> _What to do_
Return, word for word, only the lines of the data below that lie between the line with "Bertie Gregory holding" and the line with "Serious and confident", those two lines included.

> _Material for this task_
- Opening Delimiter -
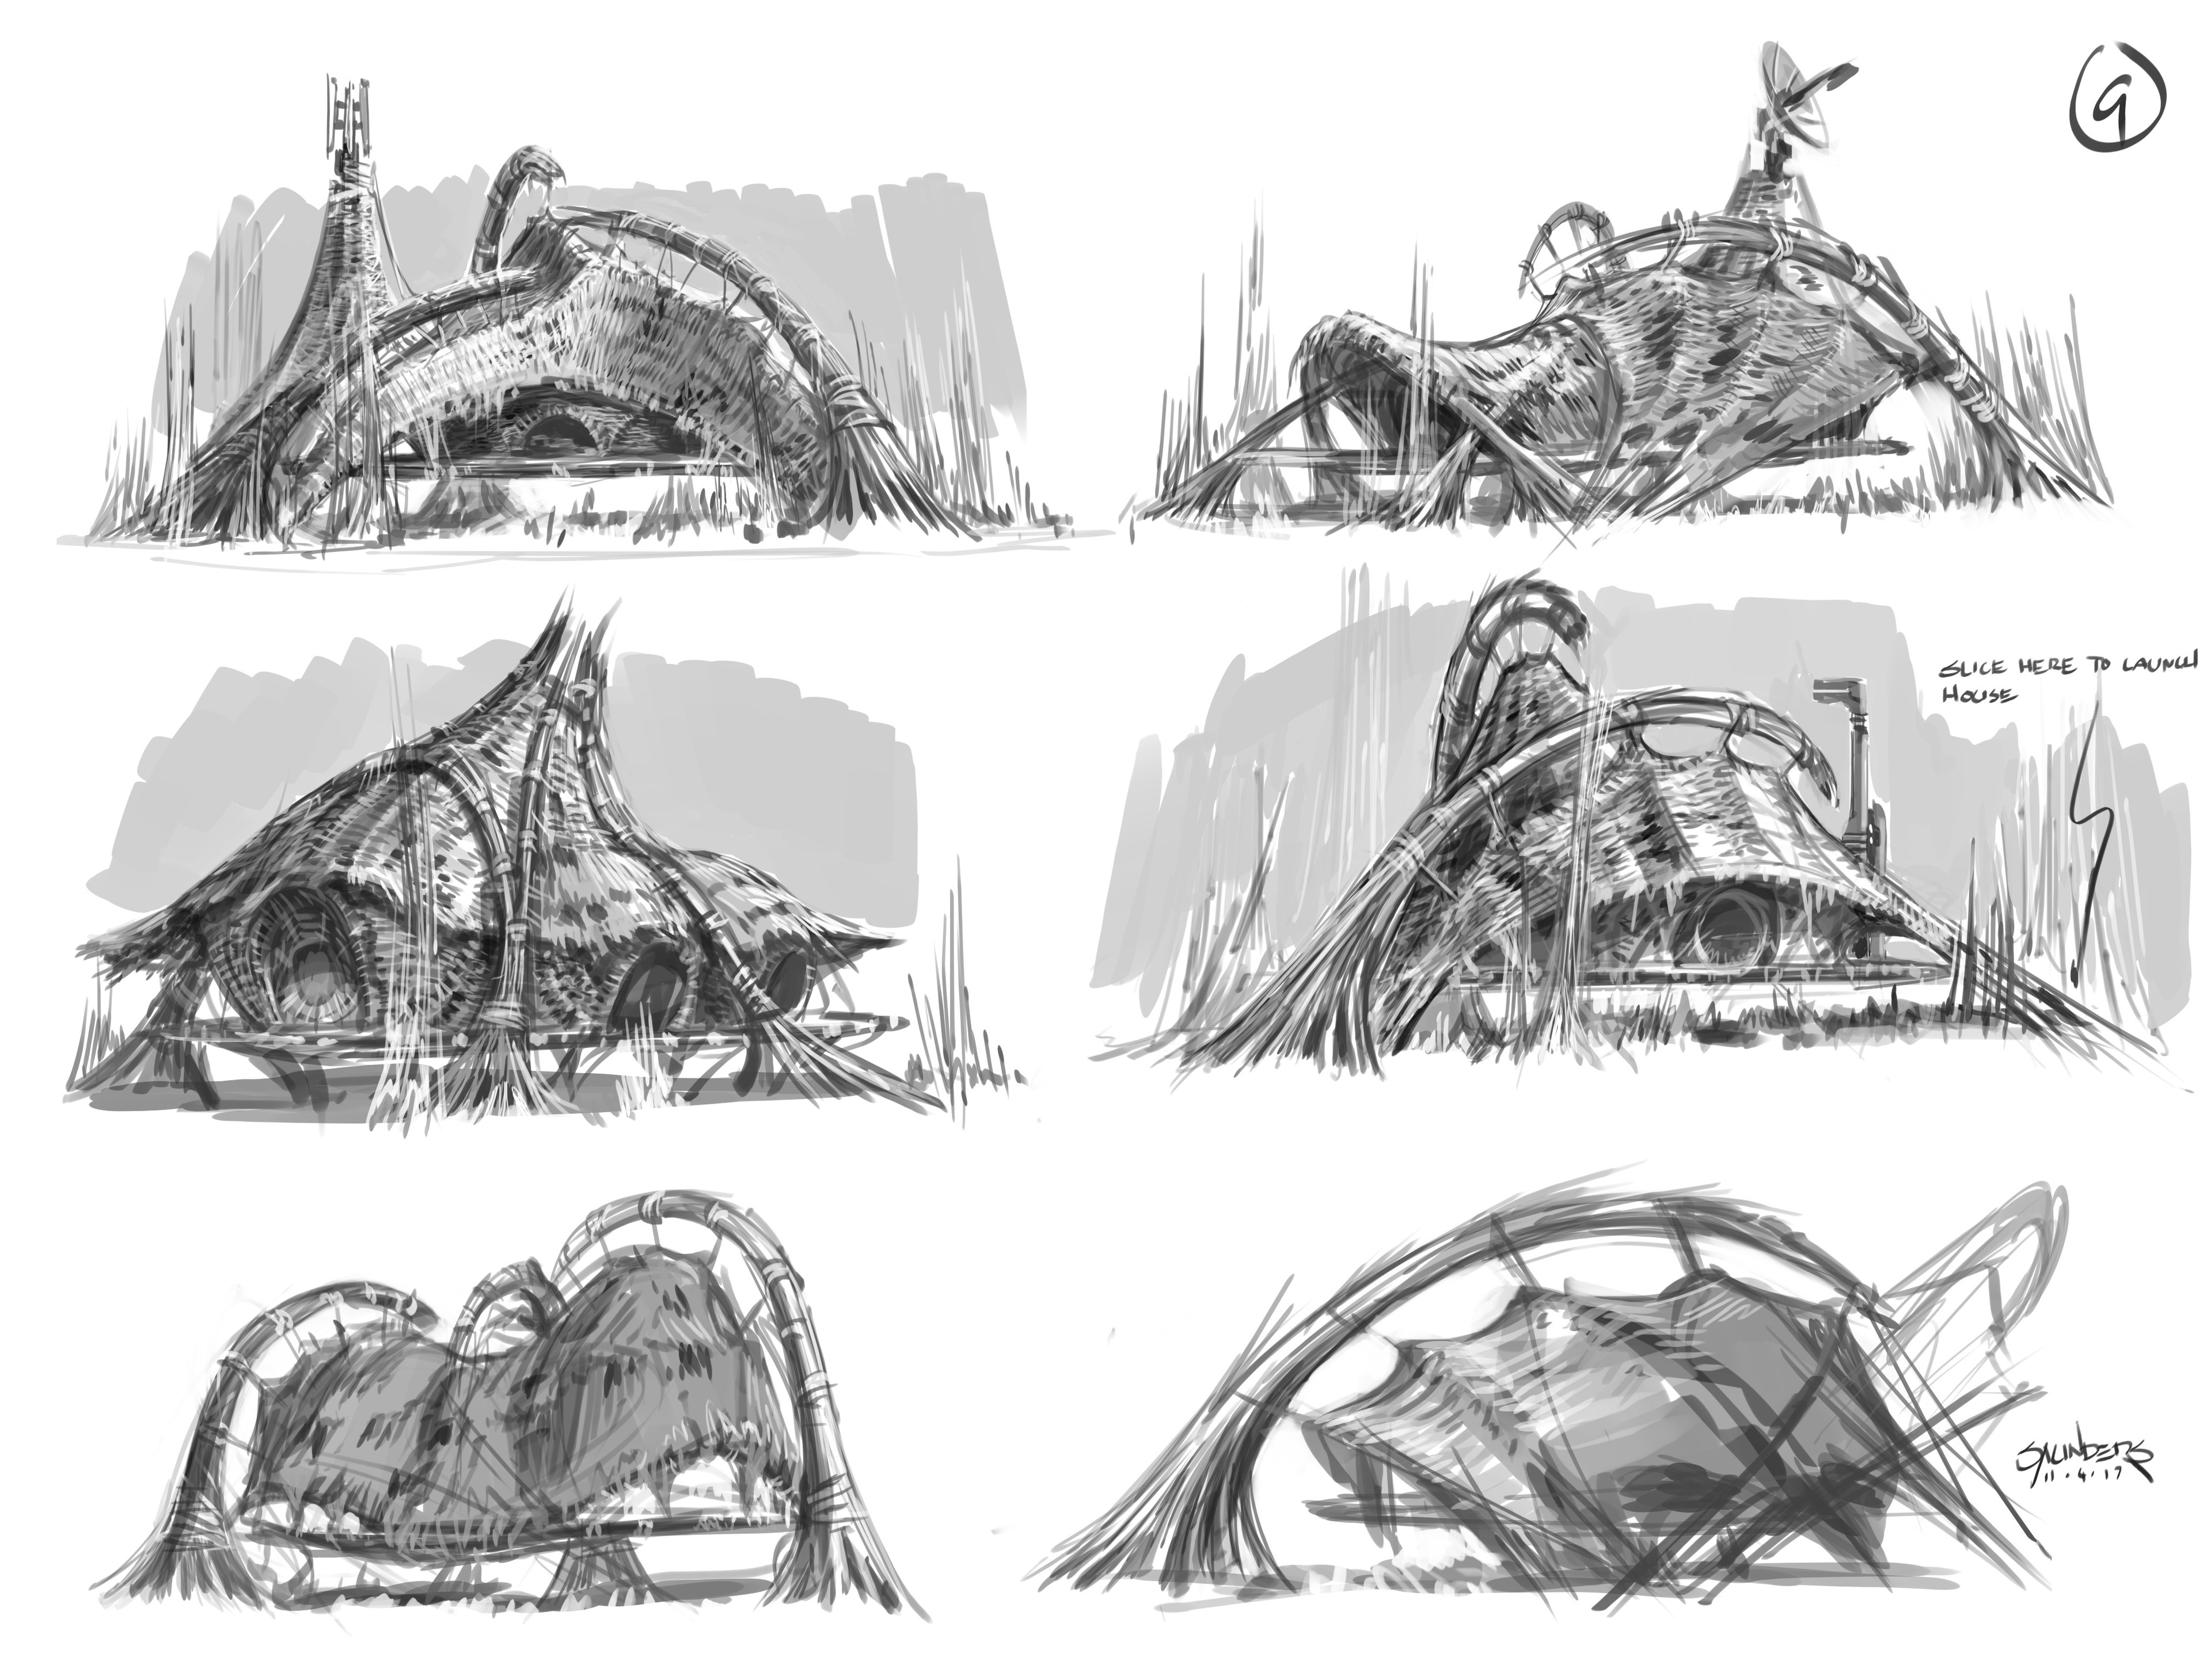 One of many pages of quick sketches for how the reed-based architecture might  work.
- Closing Delimiter -
- Opening Delimiter -
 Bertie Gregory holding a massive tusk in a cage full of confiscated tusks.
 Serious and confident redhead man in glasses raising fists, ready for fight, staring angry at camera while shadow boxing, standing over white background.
- Closing Delimiter -
> _Result of the exercise_
 Bertie Gregory holding a massive tusk in a cage full of confiscated tusks.
 Serious and confident redhead man in glasses raising fists, ready for fight, staring angry at camera while shadow boxing, standing over white background.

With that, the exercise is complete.